Copy the lines below exactly. No picture goes into the copy.

** Opening Information provided block **

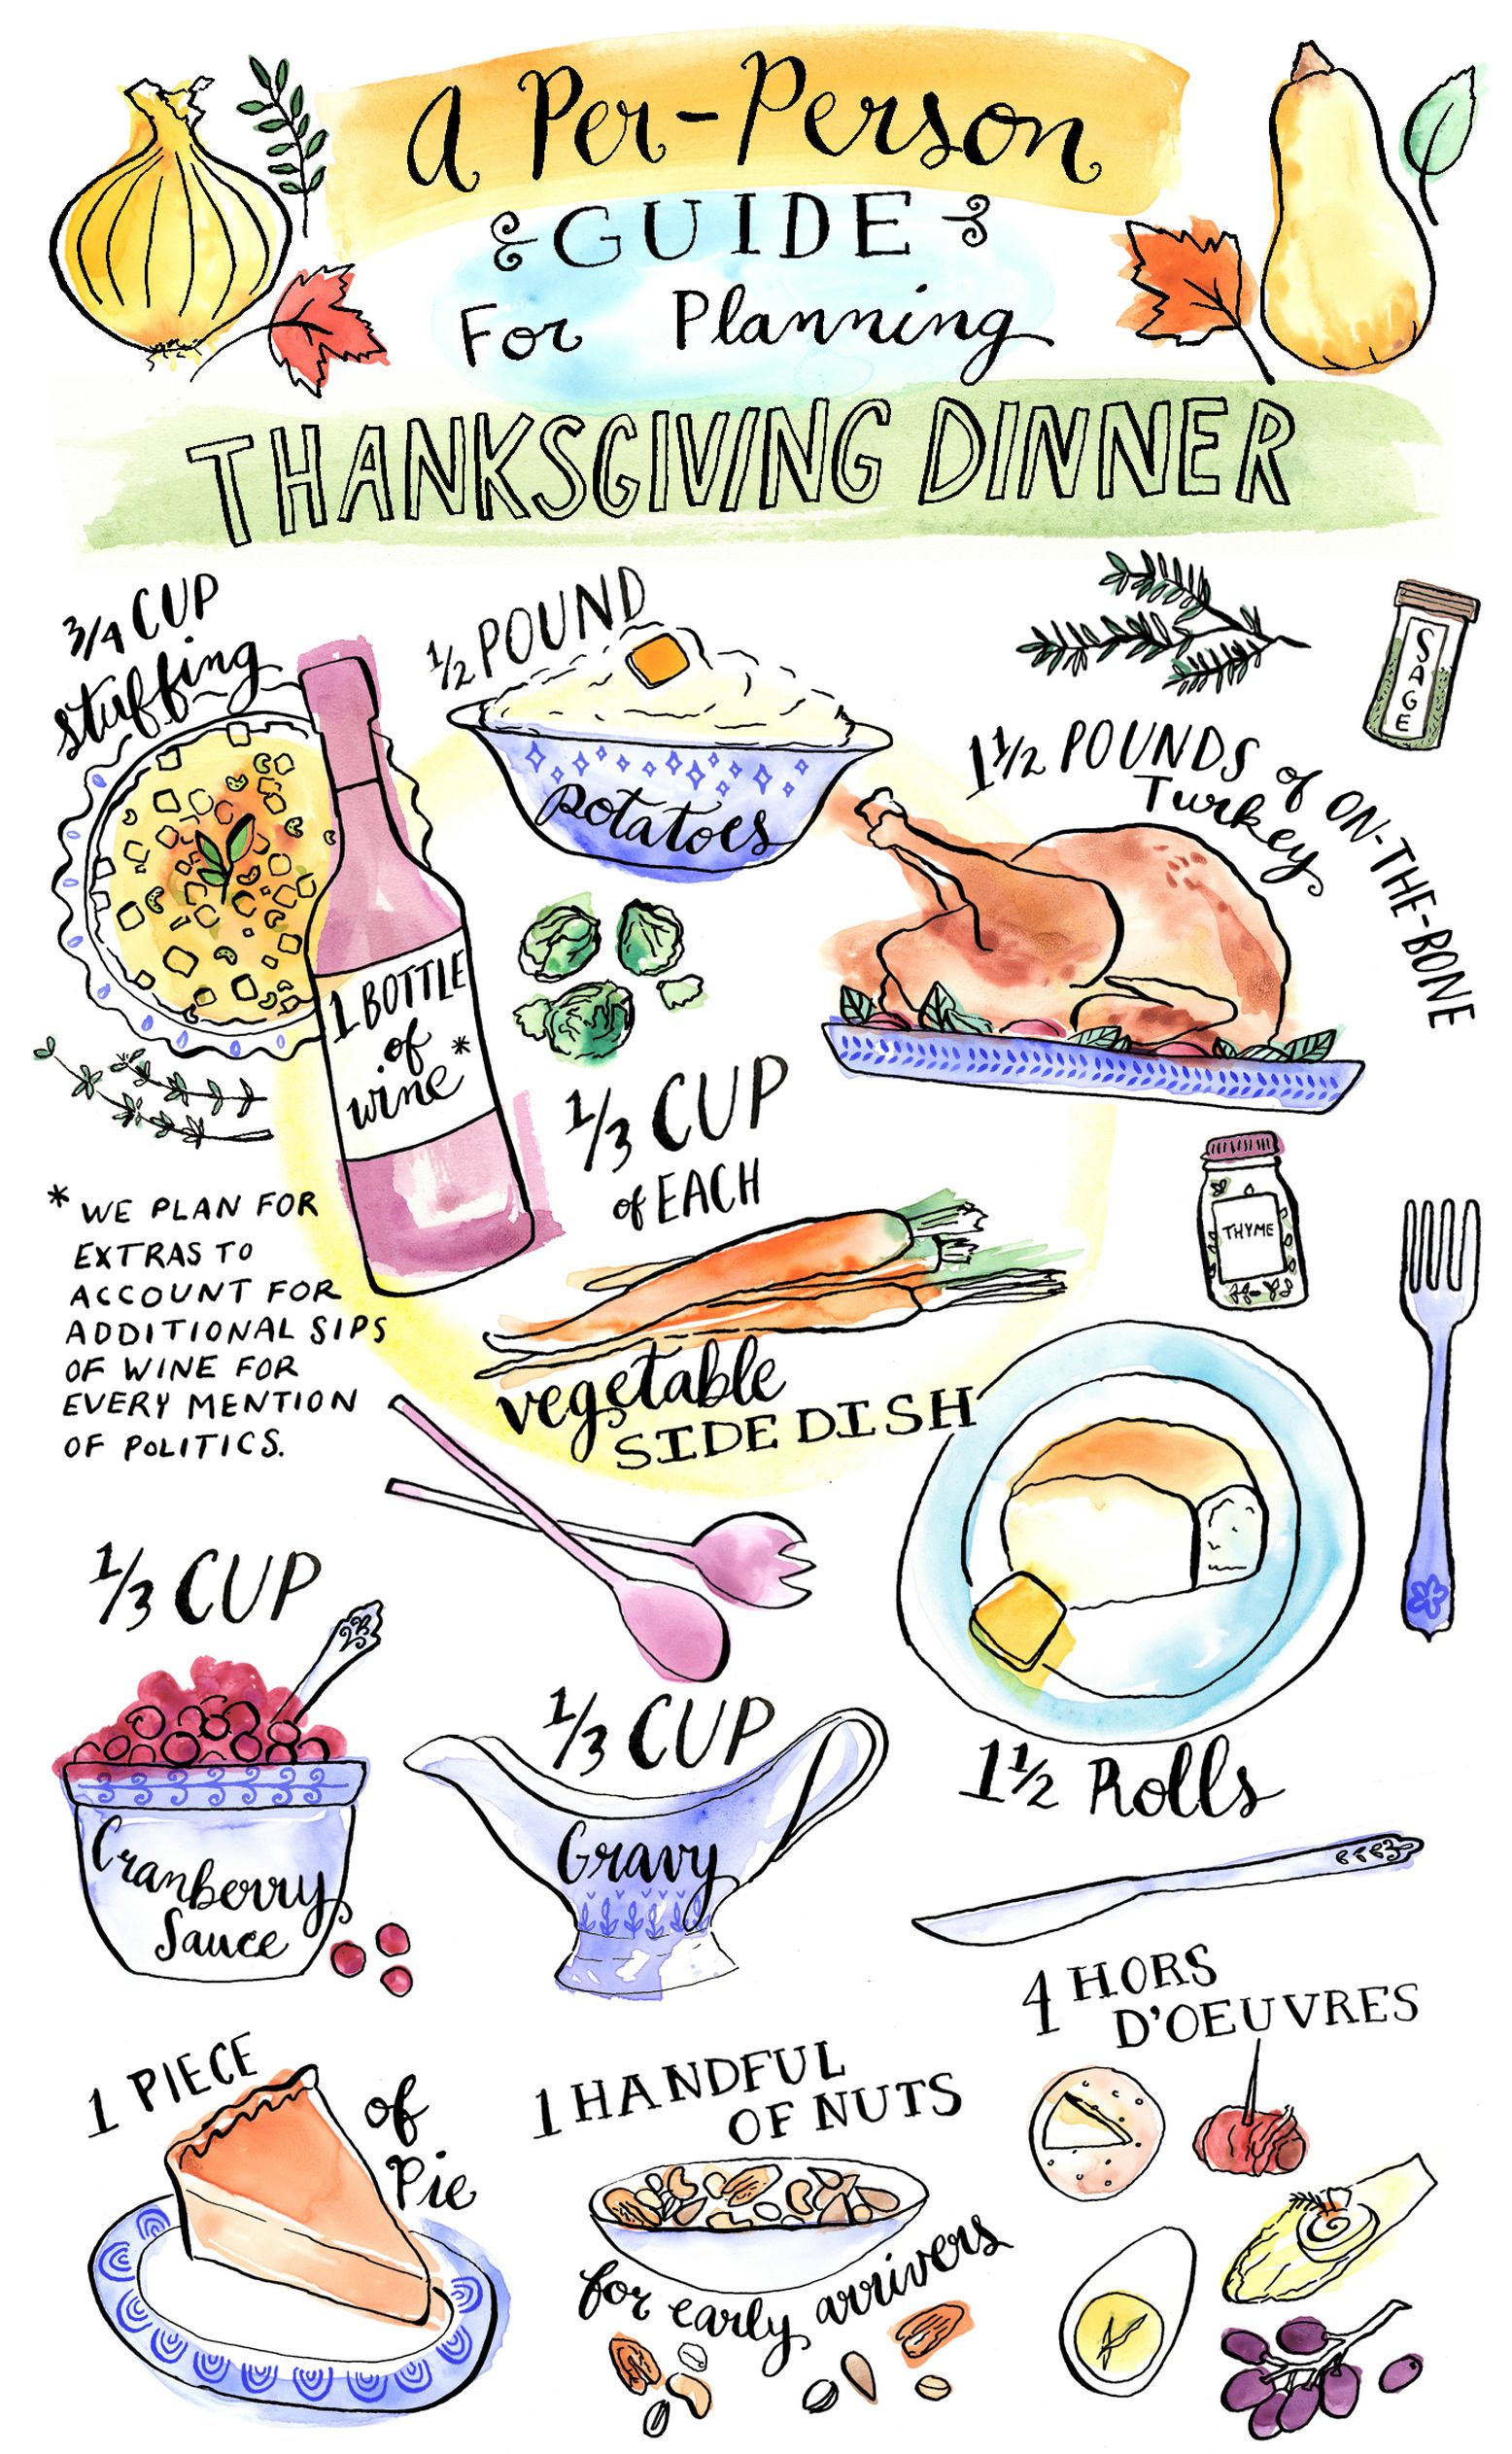 Definitive Per-Person Guide to Planning Thanksgiving Dinner
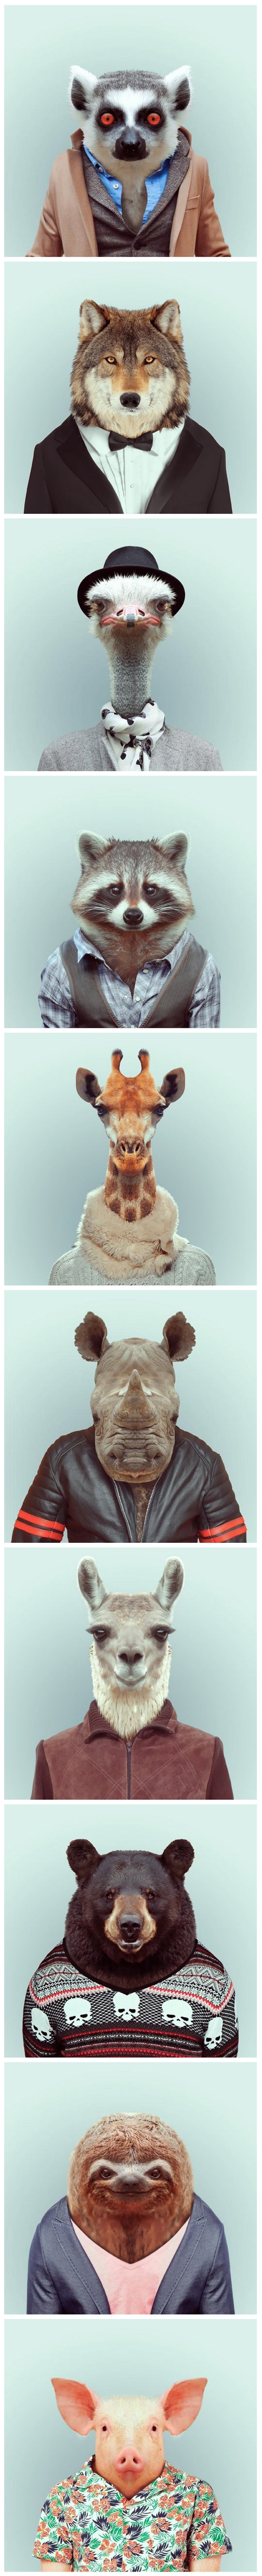 Extremely dapper animals.
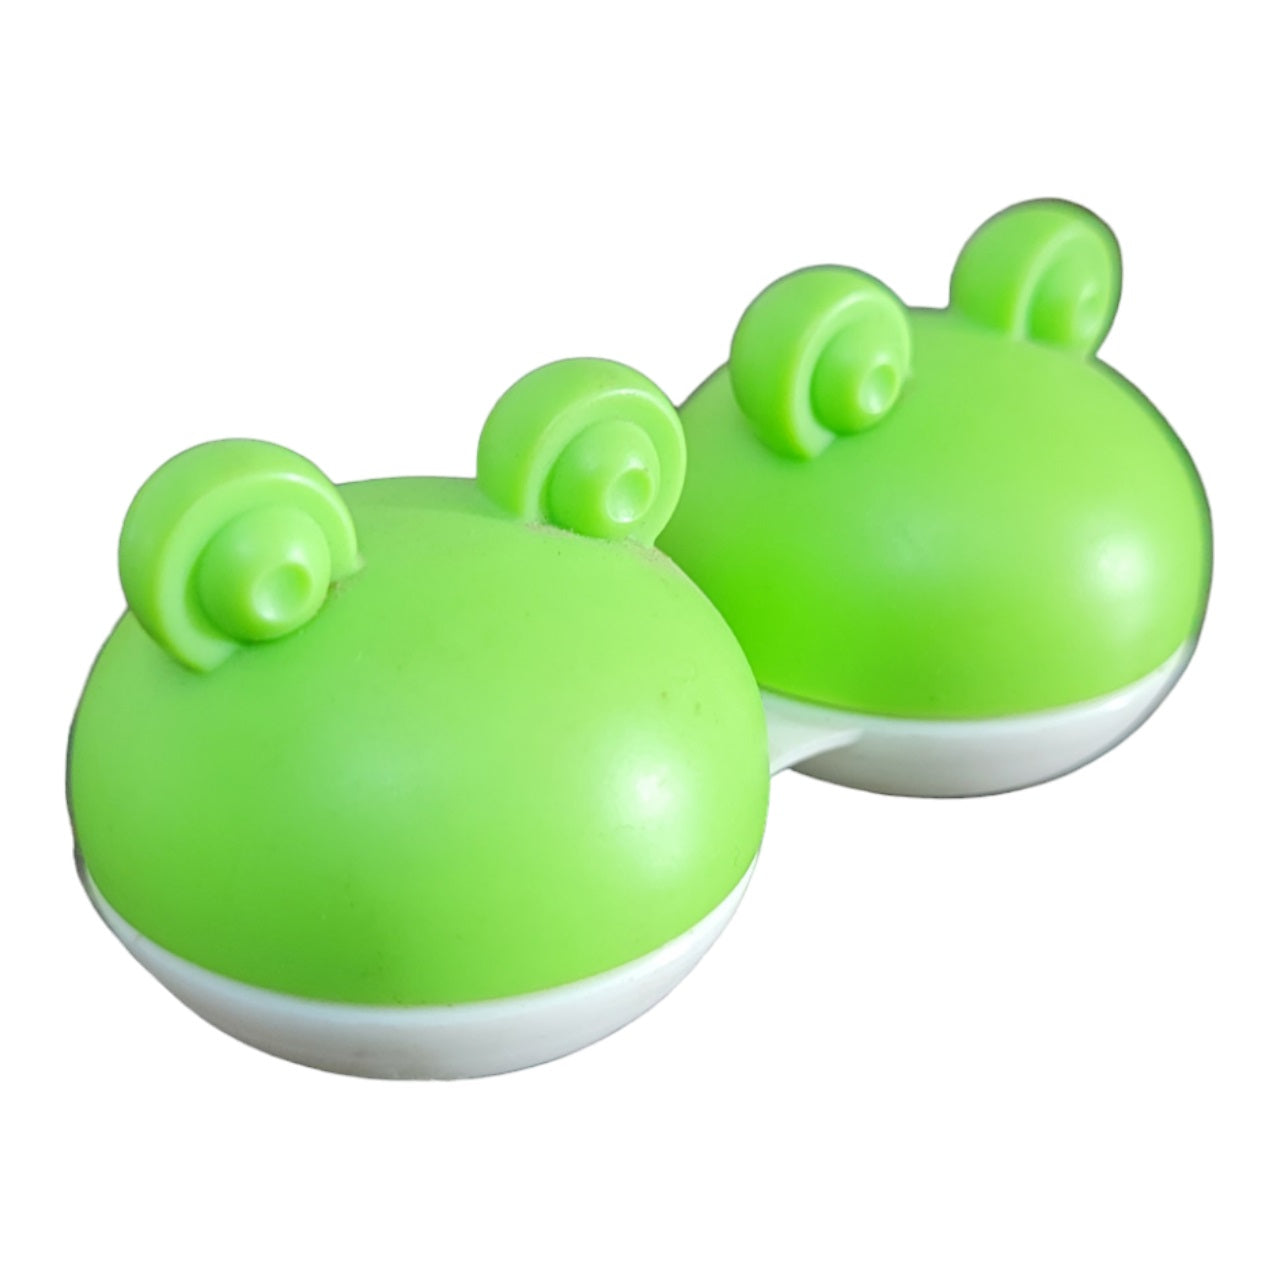 Frog Contact Lens Case | Fancy Contact Lenses Case Green Color by Affaires Qcase-0046
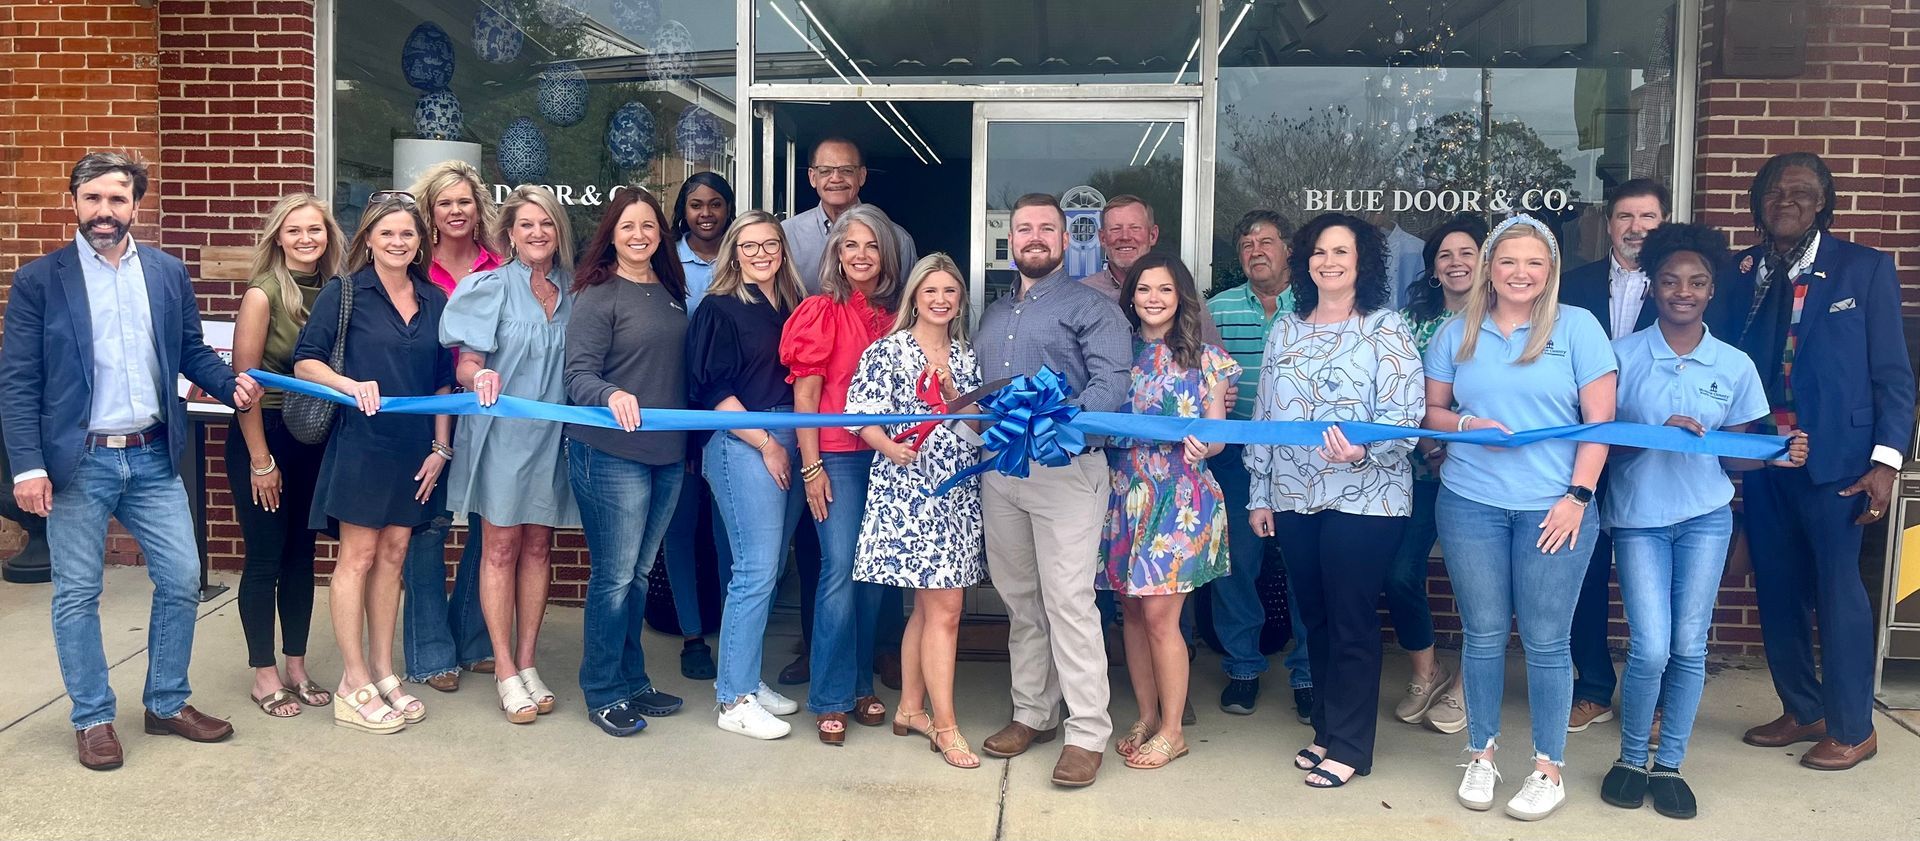 The Chamber recently hosted a ribbon cutting for new business Blue Door & Co. The boutique offers a wide variety of clothing for women and men as well as jewelry, shoes, and other accessories.  Open on the downtown square on Wednesday-Friday from 10 am until 5:30 pm and Saturdays 10 am until 3 pm.

** Closing Information provided block **

Task answer
 Definitive Per-Person Guide to Planning Thanksgiving Dinner
 Extremely dapper animals.
 Frog Contact Lens Case | Fancy Contact Lenses Case Green Color by Affaires Qcase-0046
 The Chamber recently hosted a ribbon cutting for new business Blue Door & Co. The boutique offers a wide variety of clothing for women and men as well as jewelry, shoes, and other accessories.  Open on the downtown square on Wednesday-Friday from 10 am until 5:30 pm and Saturdays 10 am until 3 pm.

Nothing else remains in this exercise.